I understand this is a very basic question but I don't understand what levels mean in R.
For reference, I have done a simple script to read CSV table, filter on one of the fields, pass this on to a new variable and clear the memory allocated for the first variable. If I call unique() on the field on which I filtered, I see that the results were indeed filtered but there is one additional line showing 'Levels' corresponding to data that is in the original dataset.
Example:
df = read.csv(path, sep=",", header=TRUE)

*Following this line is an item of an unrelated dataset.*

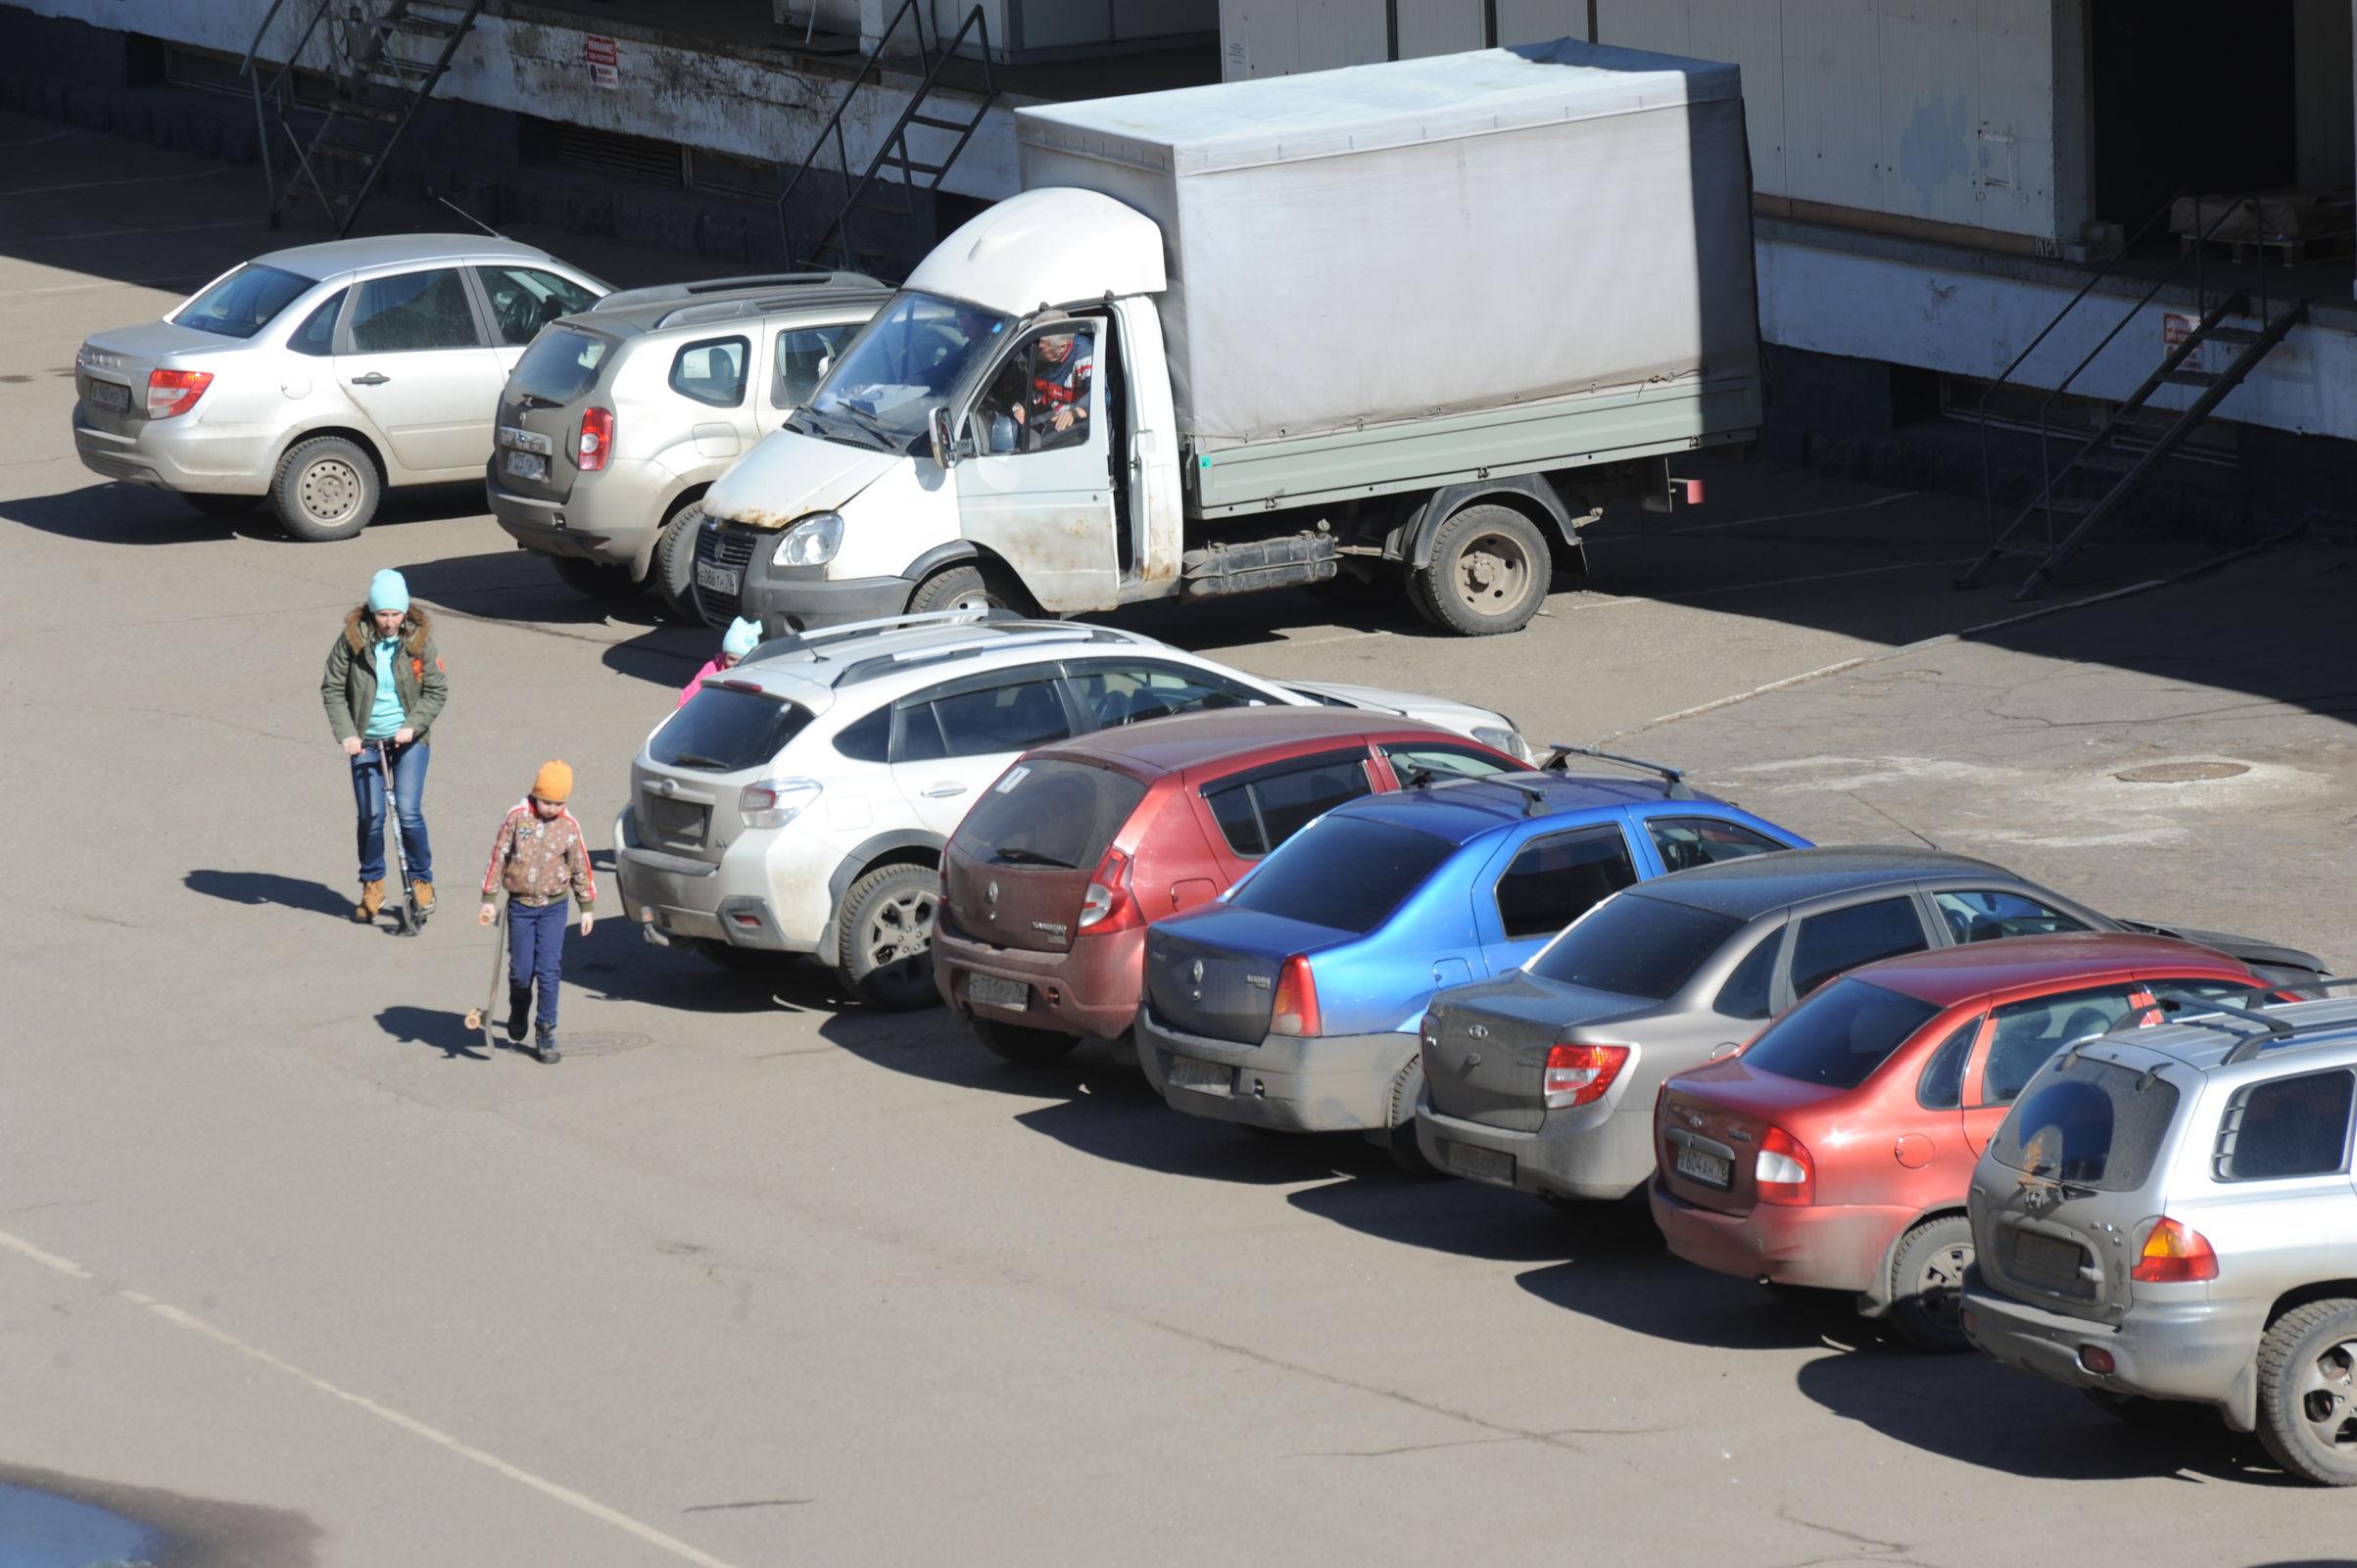 Глава УГИБДД: за полгода в Ярославской области в авариях пострадало чуть меньше тысячи человек

df_intrate = df[df$AssetClass == "ASSET CLASS A", ]
rm(df)
gc()
unique(df_intrate$AssetClass)
Results:
[1] ASSET CLASS A
Levels: ASSET CLASS E ASSET CLASS D ASSET CLASS C ASSET CLASS B ASSET CLASS A
Is the structural information from df
somehow preserved in df_intrate despite R studio showing that df_intrate is indeed the expected number of rows for ASSET CLASS A
?
Is the structural information from df somehow preserved in df_intrate despite R studio showing that df_intrate is indeed the expected number of rows for ASSET CLASS A ?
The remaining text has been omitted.